A forward-looking, life course approach should:
Acknowledge endometriosis as a lifelong condition, not just a reproductive one
Improve workplace and healthcare policies with provisions that support women through female-specific conditions such as endometriosis and midlife transitions
Fund and leverage research that moves from correlation to causality, so that women can understand their unique risk profile and get personalised support, sooner
Embed women’s health in employment law and WHS standards, reflecting both chronic and transitional needs
Integrate patient voice and lived experience into all levels of health system design and delivery.
What’s Next
QENDO, Sage and WOVEN remain committed to advancing a vision of women’s health that is continuous, evidence-based, and centred on lived experience. Together, we are calling for a future where no one is left behind at the intersection of chronic illness, hormonal transition, and structural oversight.
It’s time to move beyond siloed thinking and reproductive framing.
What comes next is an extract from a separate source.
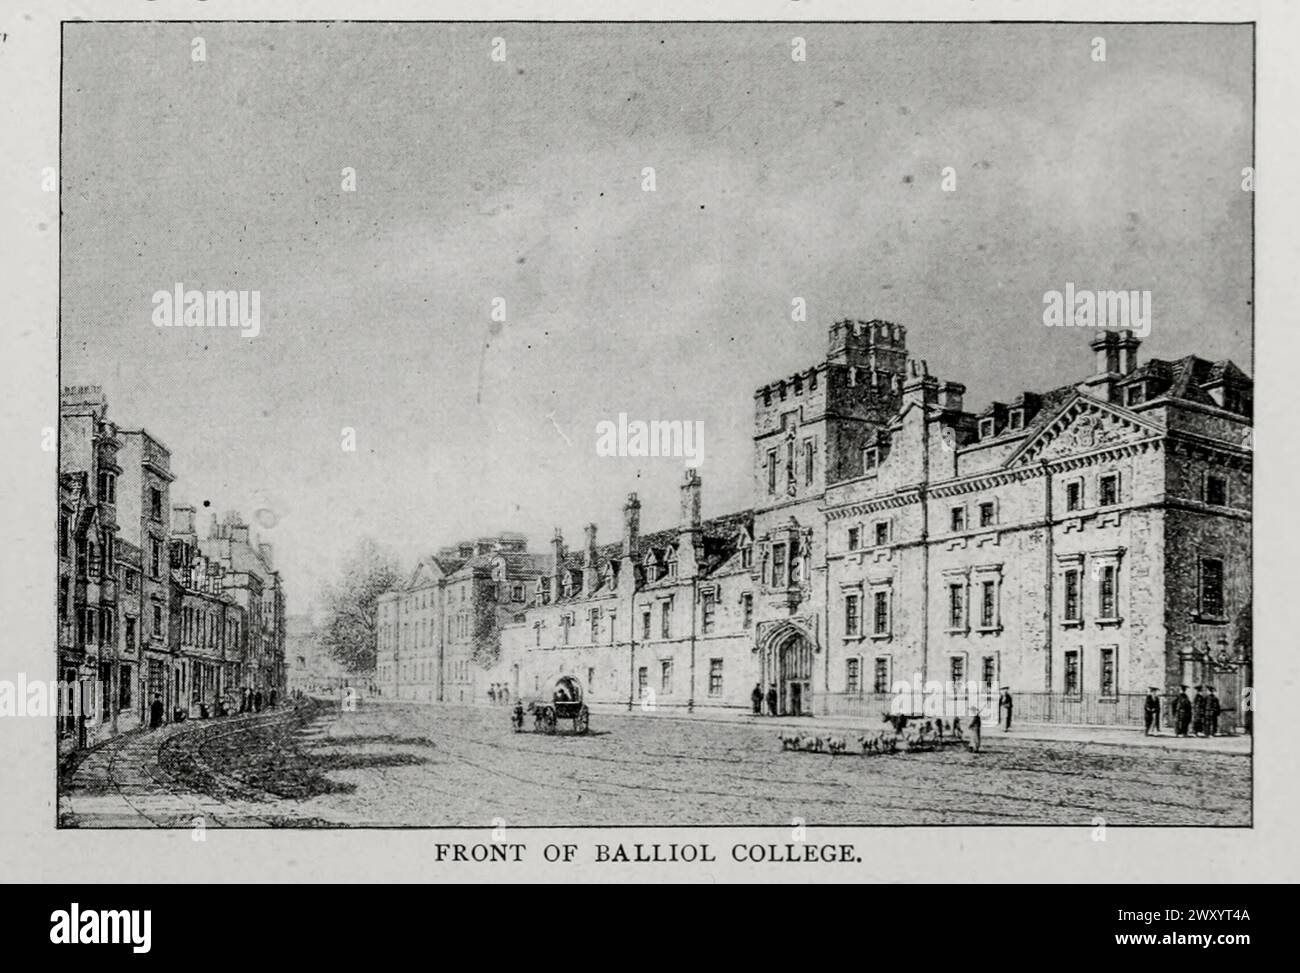 FRONT OF BALLIOL COLLEGE. from the Article THE BUILDINGS OF OXFORD, FROM AN ENGINEER'S POINT OF VIEW. By J. W. Parry.  from The Engineering Magazine Devoted to Industrial Progress Volume XVI October 1898 - March 1899 The Engineering Magazine Co Stock Photo
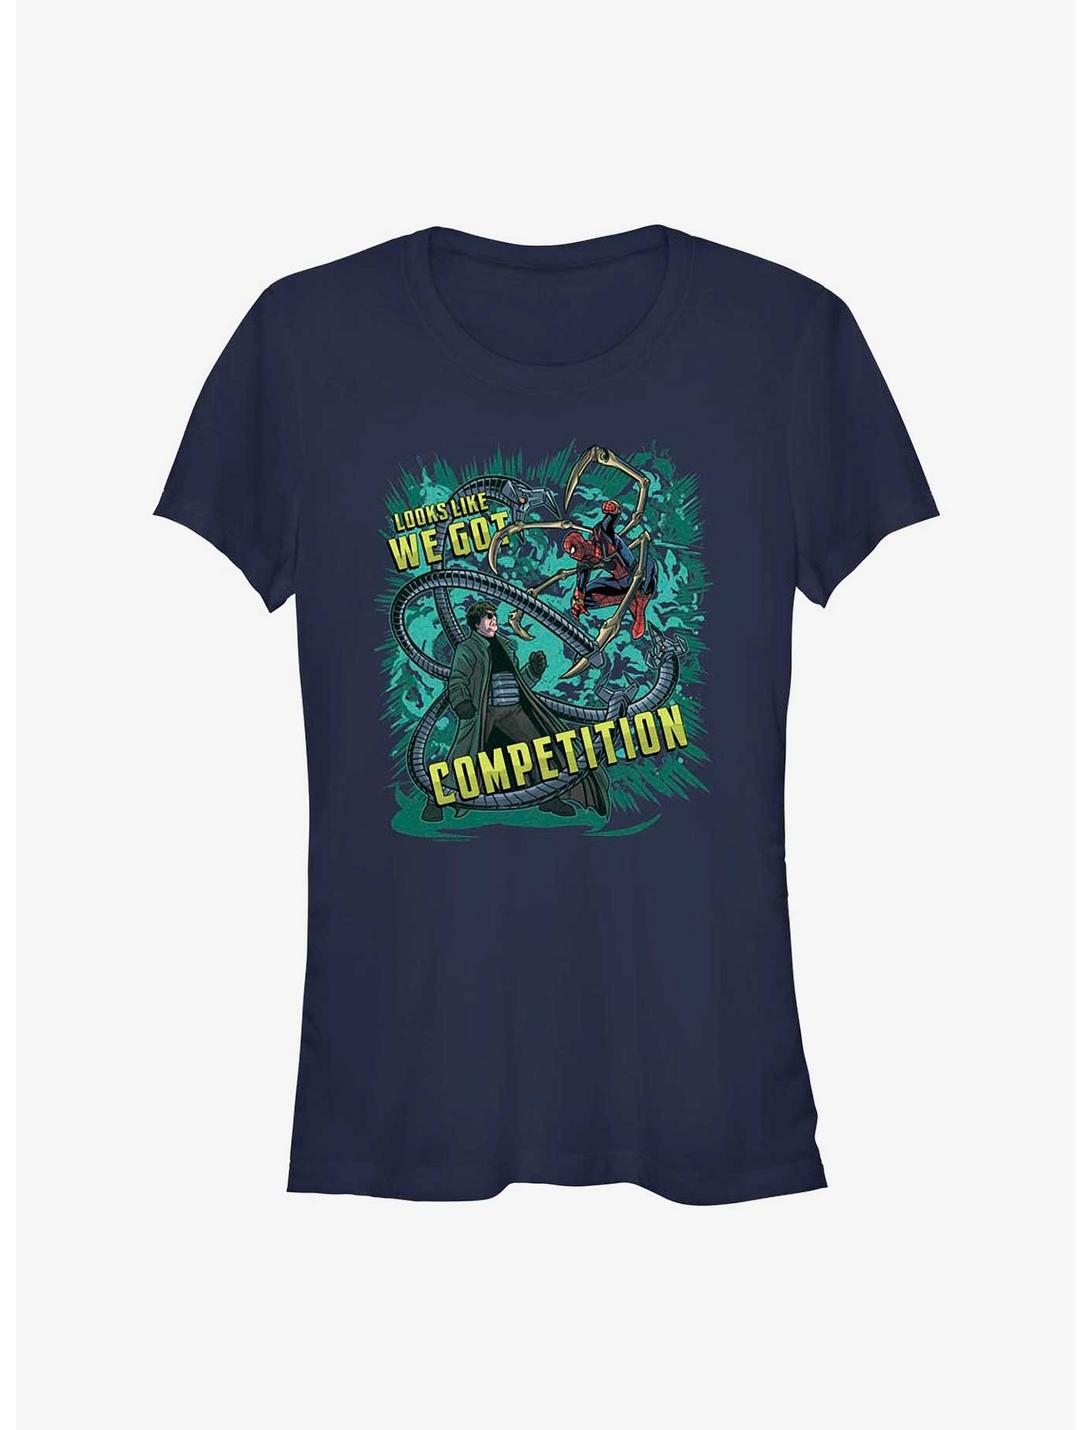 Marvel Spider-Man: No Way Home Competition Girls T-Shirt, NAVY, hi-res

Endometriosis and menopause are not separate chapters - they are part of the same health story. And that story deserves to be seen, heard, and acted upon.
References
Australian Government Department of Health and Aged Care (2020) National Women's Health Strategy 2020–2030. Canberra: Australian Government. Available at: https://www.health.gov.au/resources/publications/national-womens-health-strategy-2020-2030
Jakson, I., Lindén Hirschberg, A. and Gidlöf, S.B. (2023) ‘Endometriosis and menopause - management strategies based on clinical scenarios’, Acta Obstetricia et Gynecologica Scandinavica, 102(10), pp. 1323–1328. doi:10.1111/aogs.14583.